Storage and Handling

  • Store lyophilized vaccine antigen and saline diluent in a refrigerator at 2°C to 8°C (36°F to 46°F).
  • Do not freeze.
  • Protect from light.
  • Do not use after the expiration date shown on the vial labels of the lyophilized vaccine antigen and saline diluent.
  • After reconstitution, administer Dengvaxia immediately or store refrigerated at 2°C to 8°C (36°F to 46°F) and use within 30 minutes.
  • Discard reconstituted vaccine if not used within 30 minutes.

Preparation

The package contains a vial of lyophilized vaccine antigen and a vial of saline diluent (0.4% NaCl).

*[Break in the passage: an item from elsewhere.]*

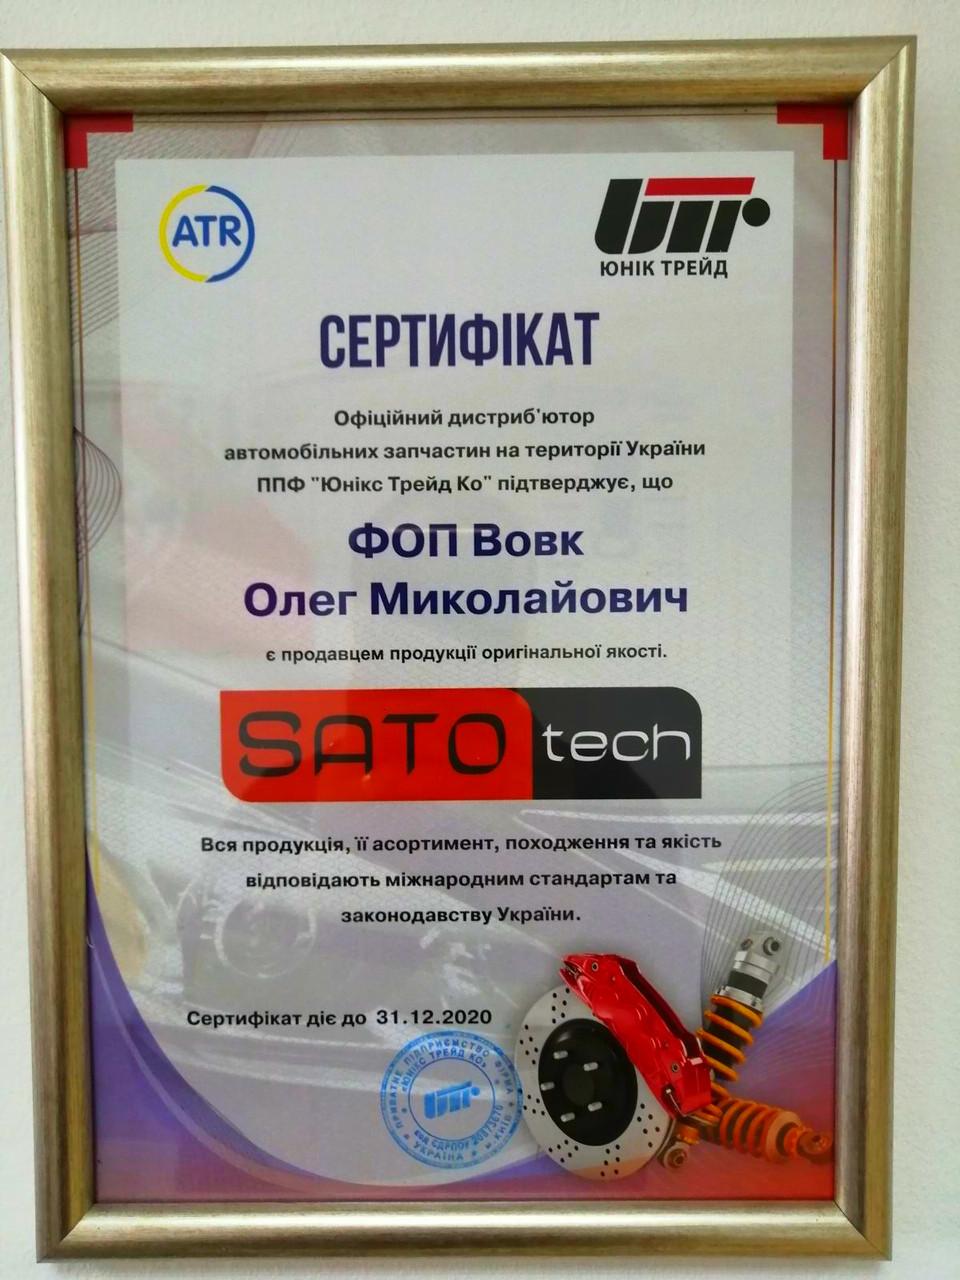 SATO Амортизатор Premium Smart Fortwo 07-

  • After removing the “flip-off” caps, cleanse the lyophilized vaccine antigen and diluent vial stoppers with a sterile alcohol swab. Do not remove the vial stoppers or metal seals holding them in place.
  • To reconstitute Dengvaxia, use a sterile needle and syringe to withdraw 0.6 mL from the diluent vial and inject it into the vial of lyophilized vaccine antigen. Swirl the vial gently.
  • Changing needles between withdrawing the vaccine from the vial and injecting it into a recipient is not necessary unless the needle has been damaged or contaminated.
  • After reconstitution, the suspension is colorless and may develop trace amounts of white to translucent endogenous proteinaceous particles.
  • Parenteral drug products should be inspected visually for particulate matter and discoloration prior to administration, whenever solution and container permit. Discard the vial if the solution is cloudy or contains particles other than trace amounts of white to translucent particles.
  • Dengvaxia should not be mixed in the same syringe with other parenteral products.

Resources

  • See the Dengvaxia Package Insert for additional information and ingredient list.
  • Vaccine Storage and Handling Toolkit – This toolkit is a comprehensive resource for providers on vaccine storage and handling recommendations and best practice strategies. It includes considerations for equipment, both storage units and temperature monitoring devices, strategies for maintaining the cold chain, routine storage and handling practices, inventory management and emergency procedures for protecting vaccine inventories.